INSTRUCTIONS TO FOLLOW
Skip the pictures, please, and write out exactly every line from the one containing "Zara \N Red Boots for Women 39 IT" through the end of the listing below.

↓

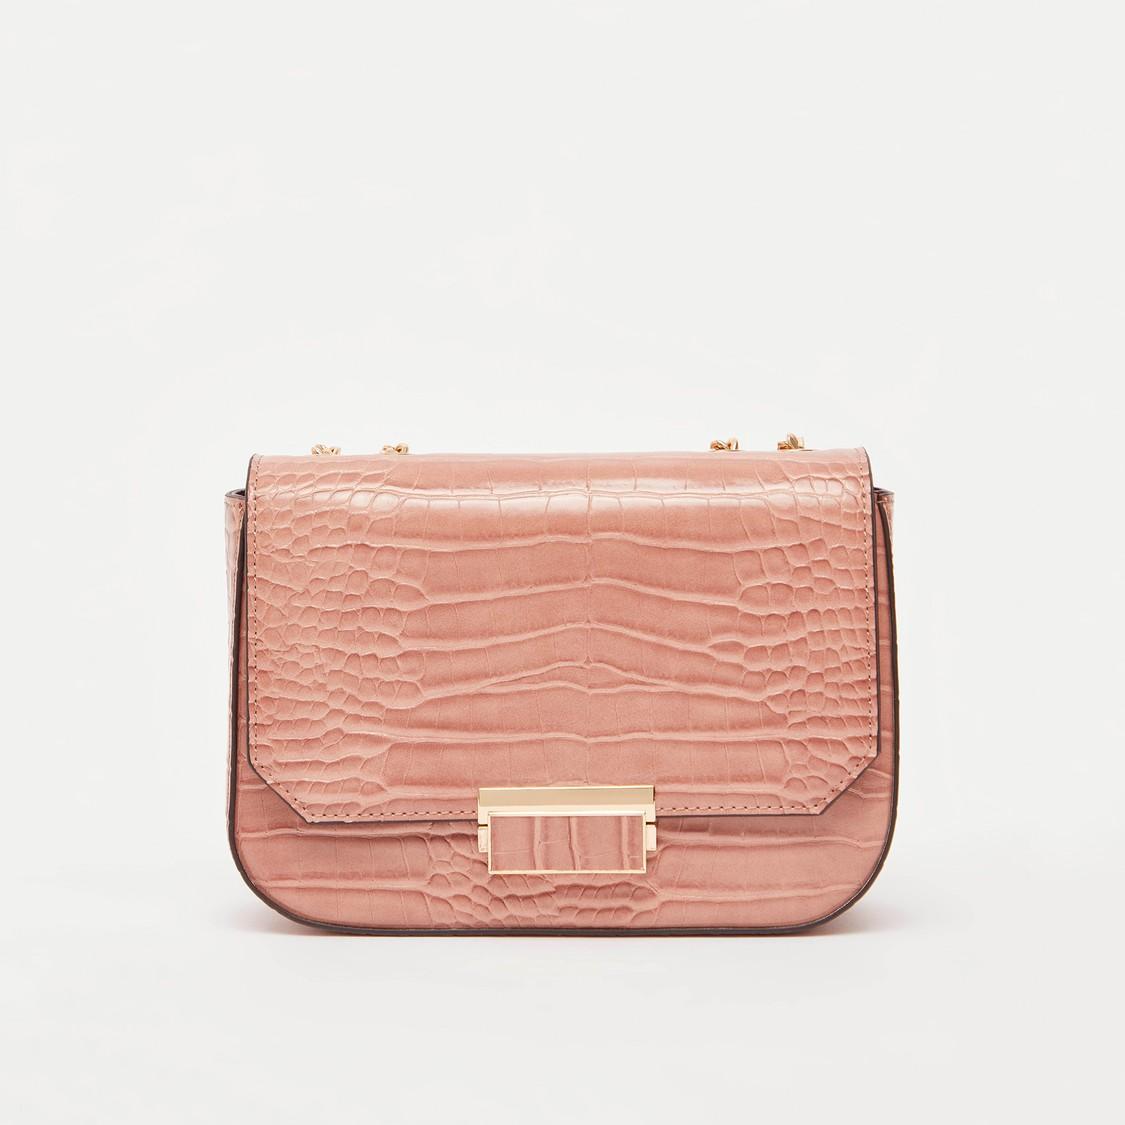 Textured Satchel Bag with Shoulder Chain and Zip Closure
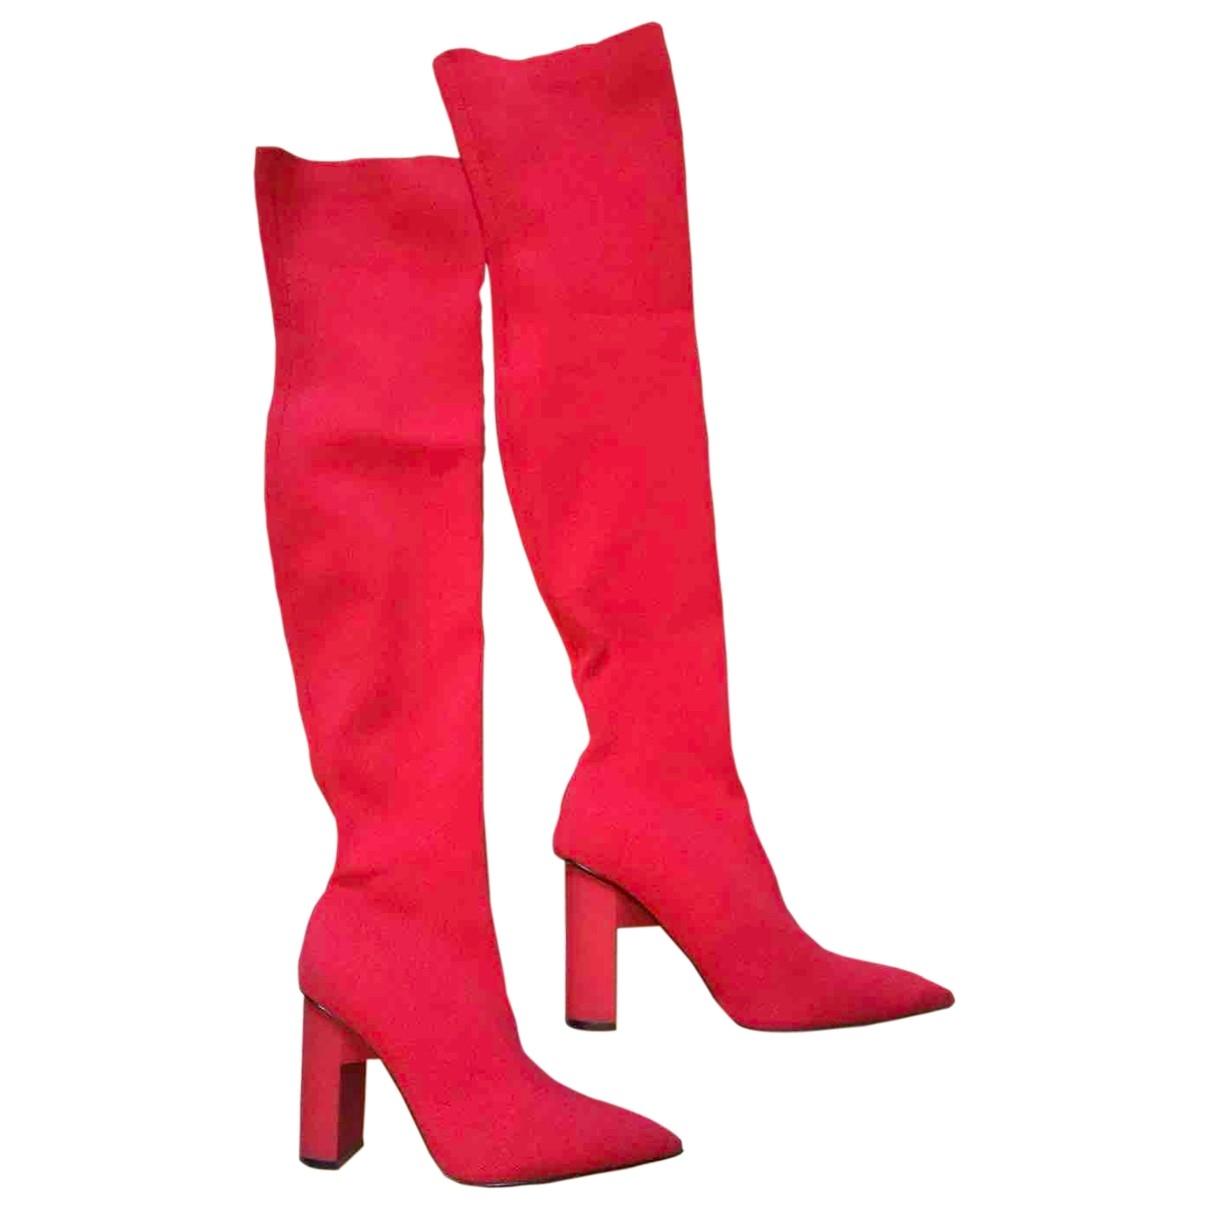 Zara \N Red Boots for Women 39 IT
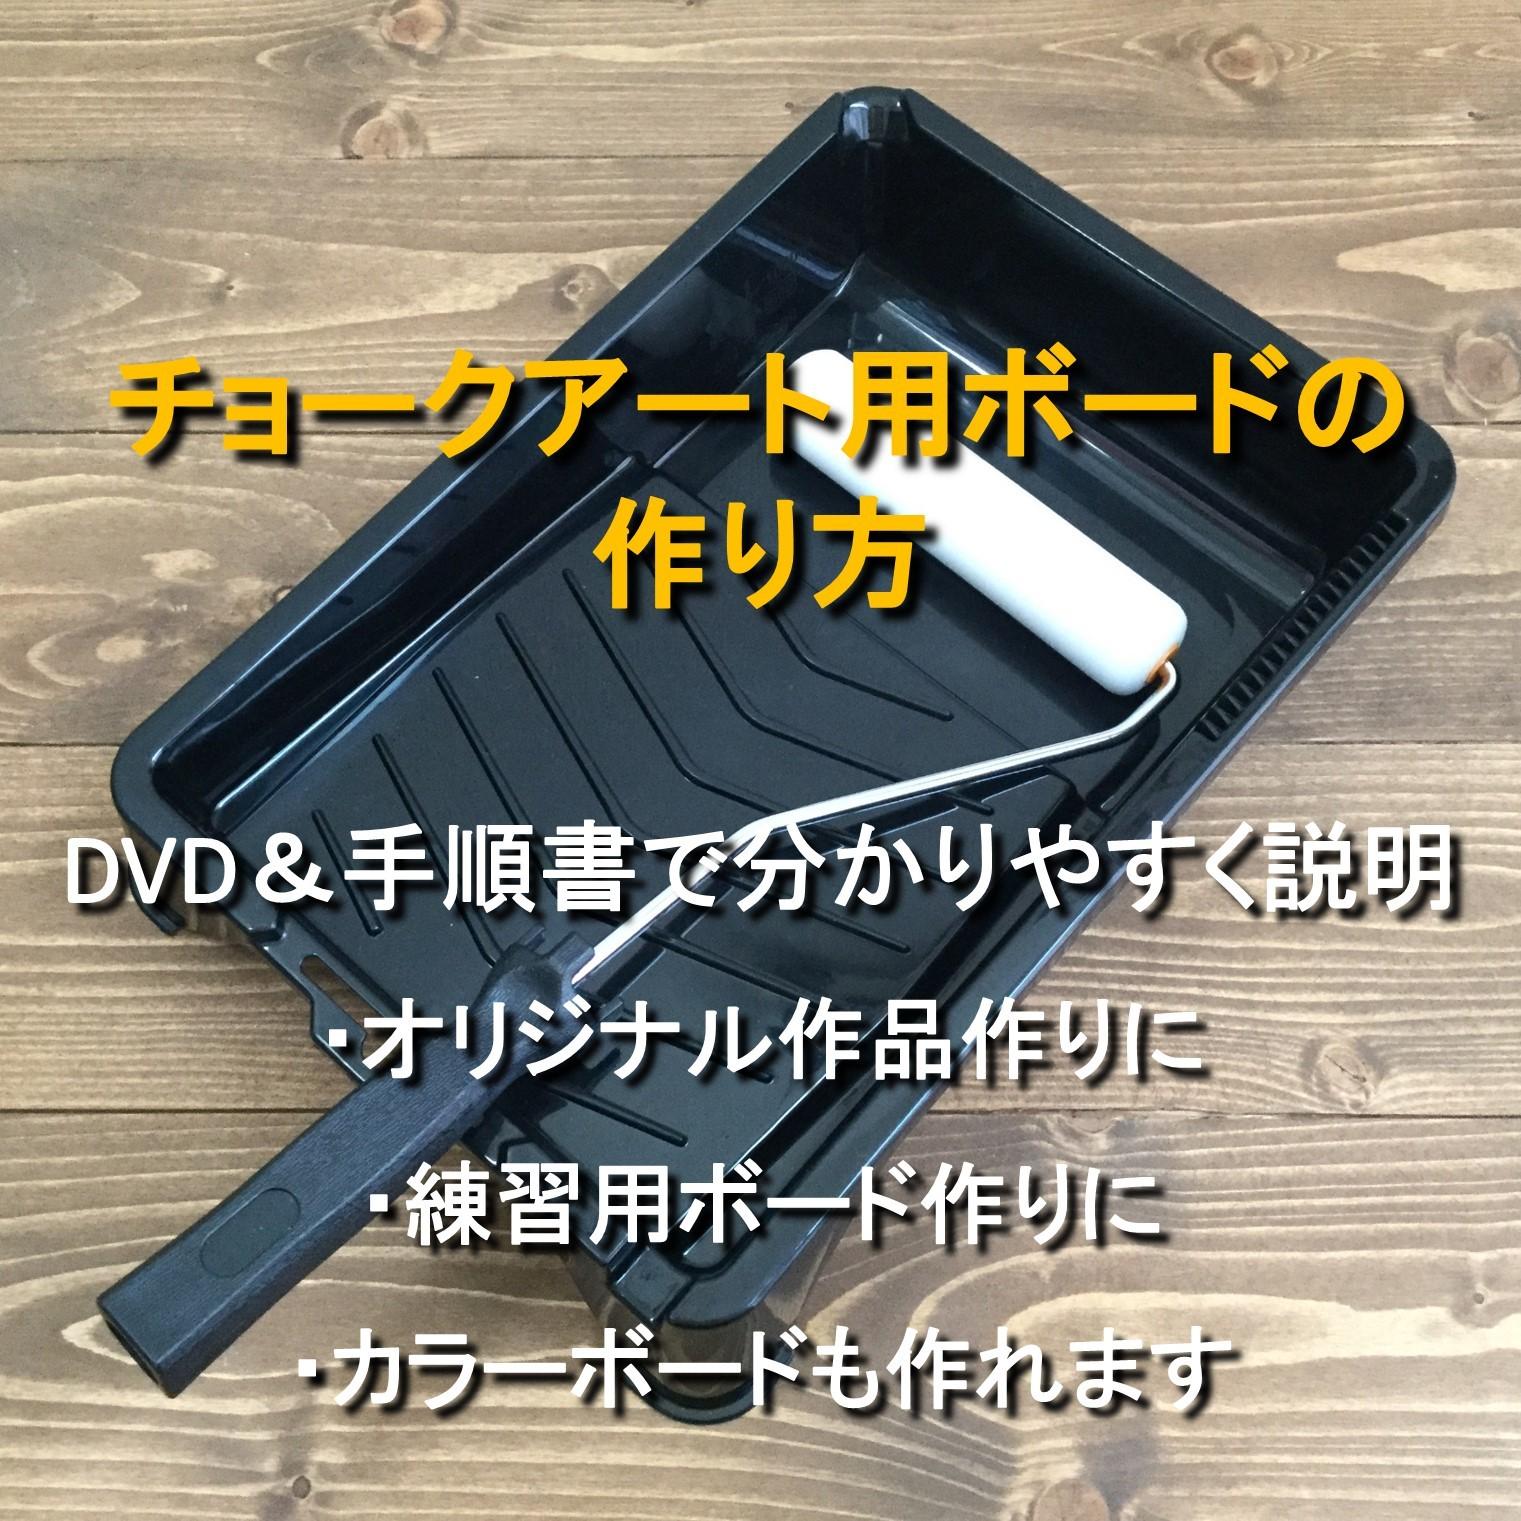 [DVD版]チョークアート用ボードの作り方
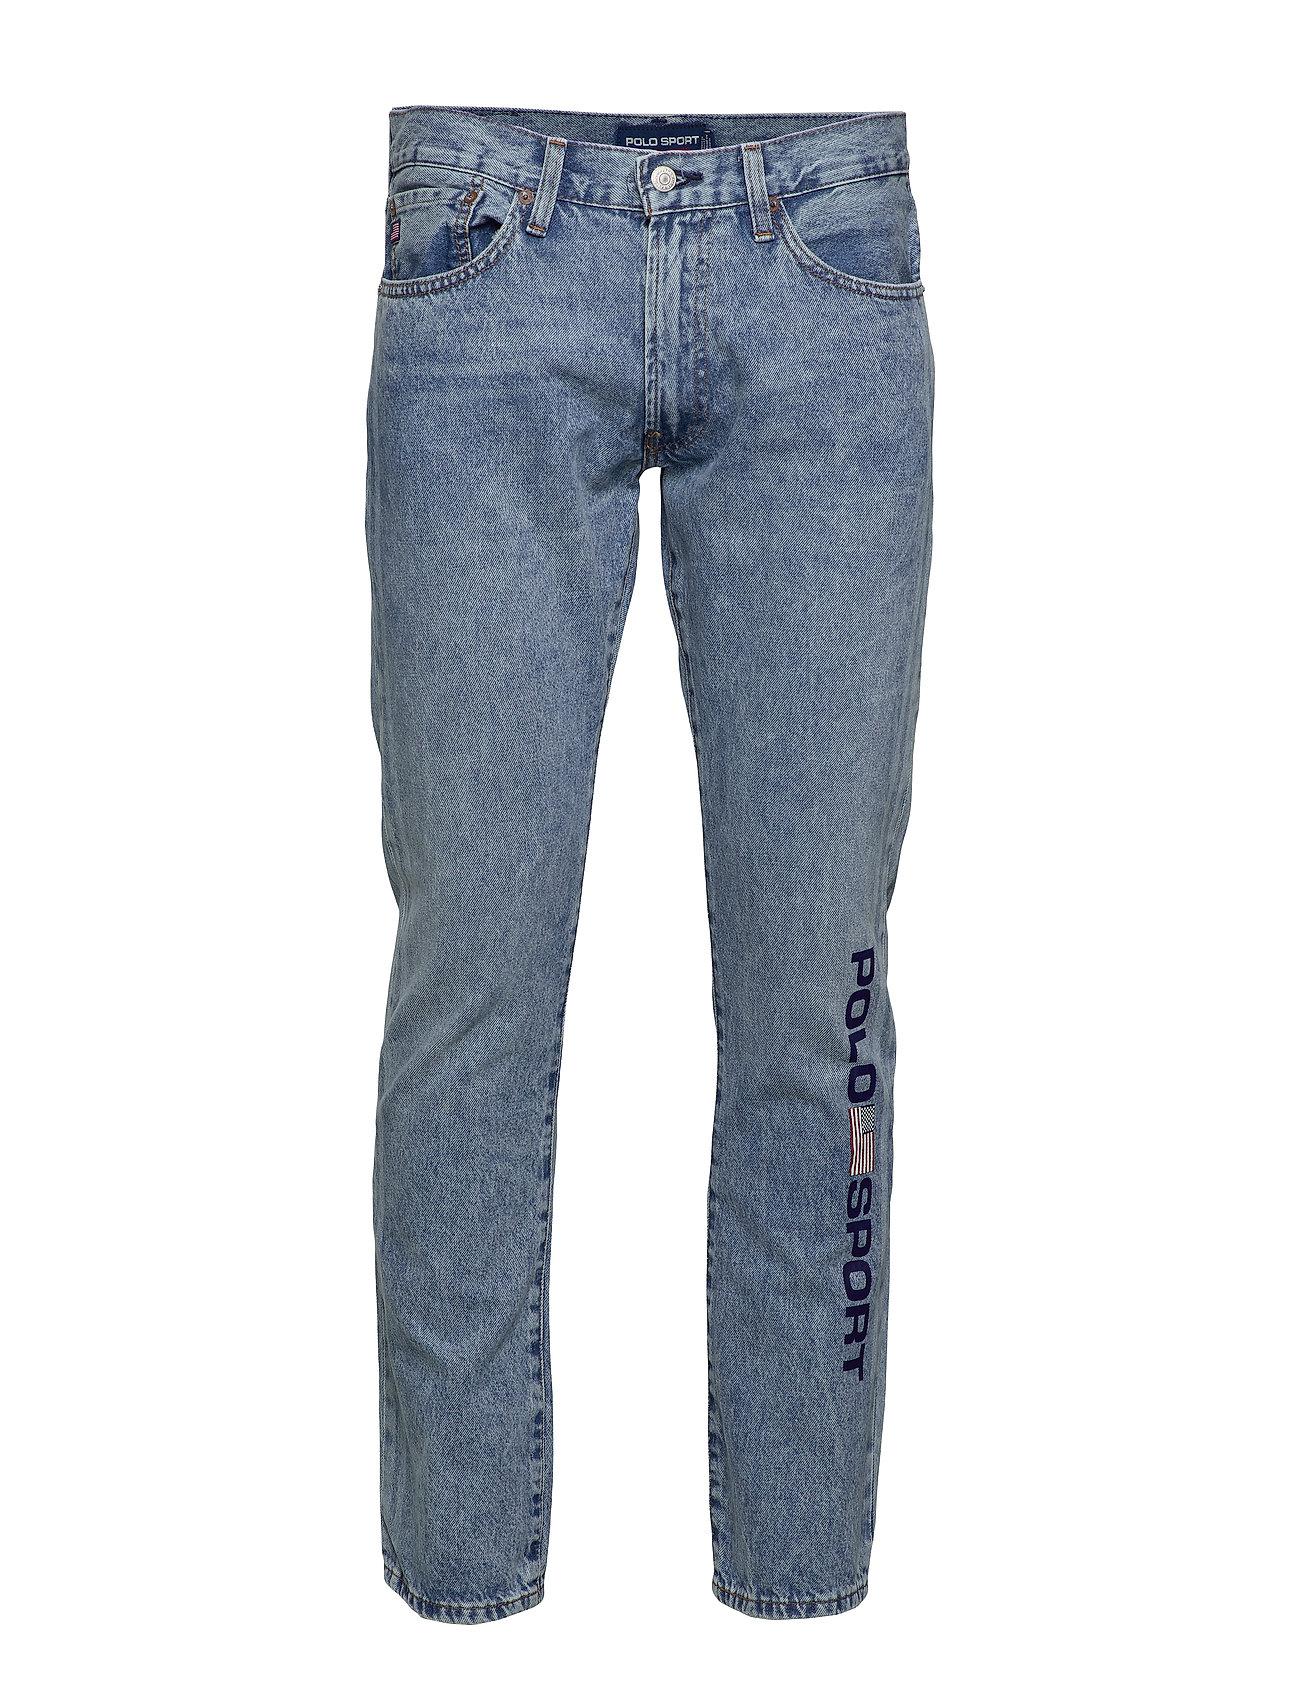 Polo Ralph Lauren Varick Slim Straight Jean - LEIGHTONS
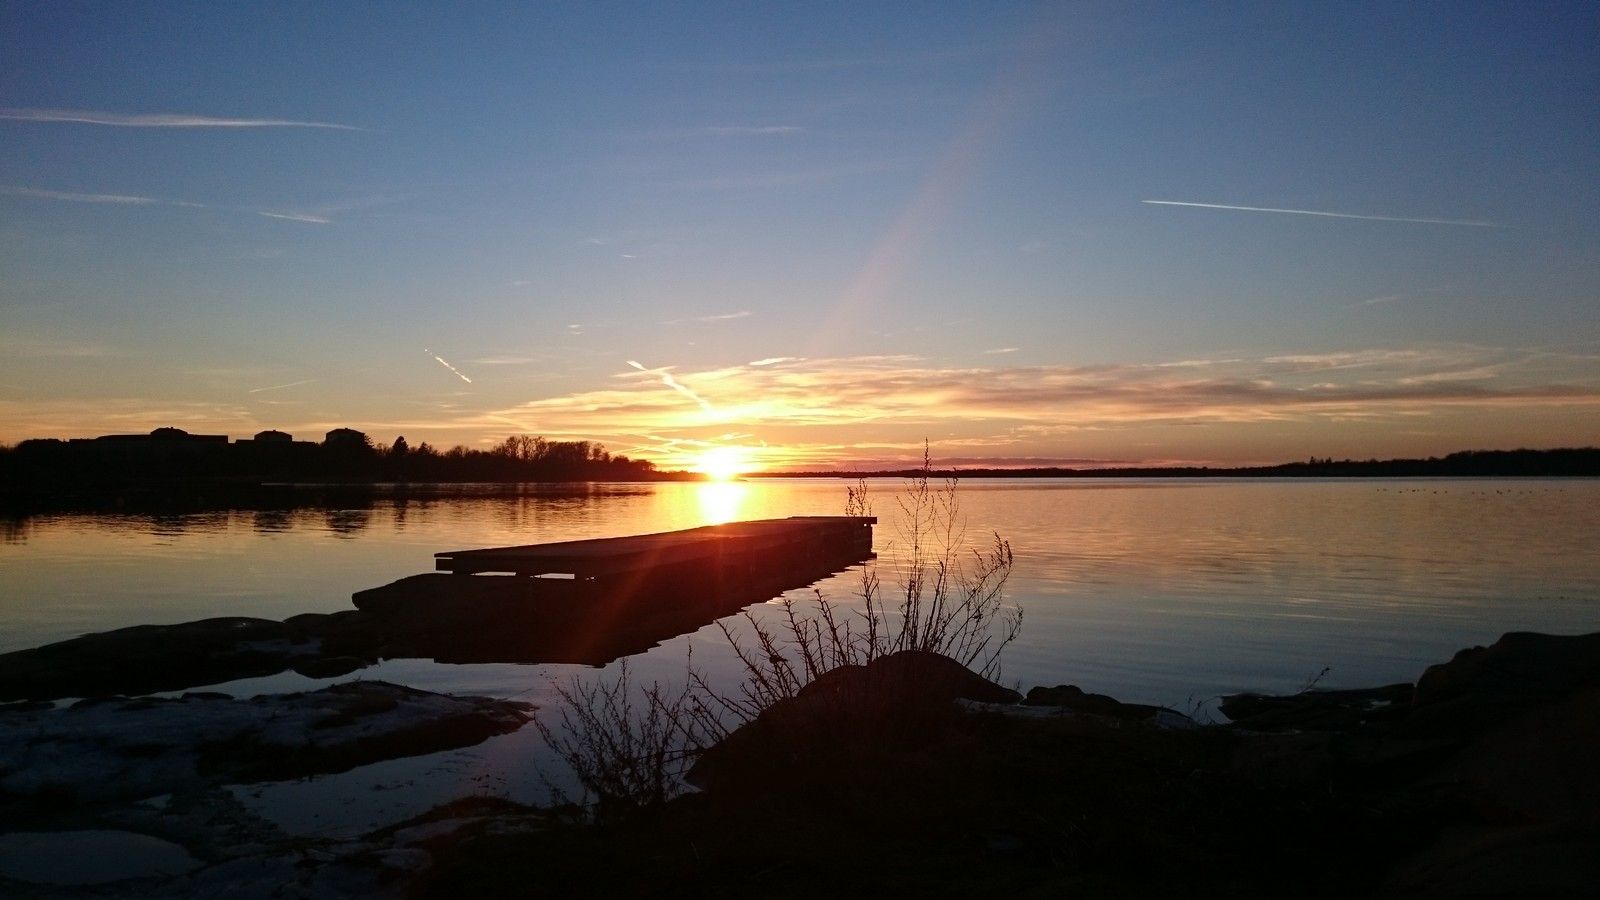 Bidrag 4 - Solnedgång vid stranden

↑

RESPONSE AREA
 Zara \N Red Boots for Women 39 IT
 [DVD版]チョークアート用ボードの作り方
 Polo Ralph Lauren Varick Slim Straight Jean - LEIGHTONS
 Bidrag 4 - Solnedgång vid stranden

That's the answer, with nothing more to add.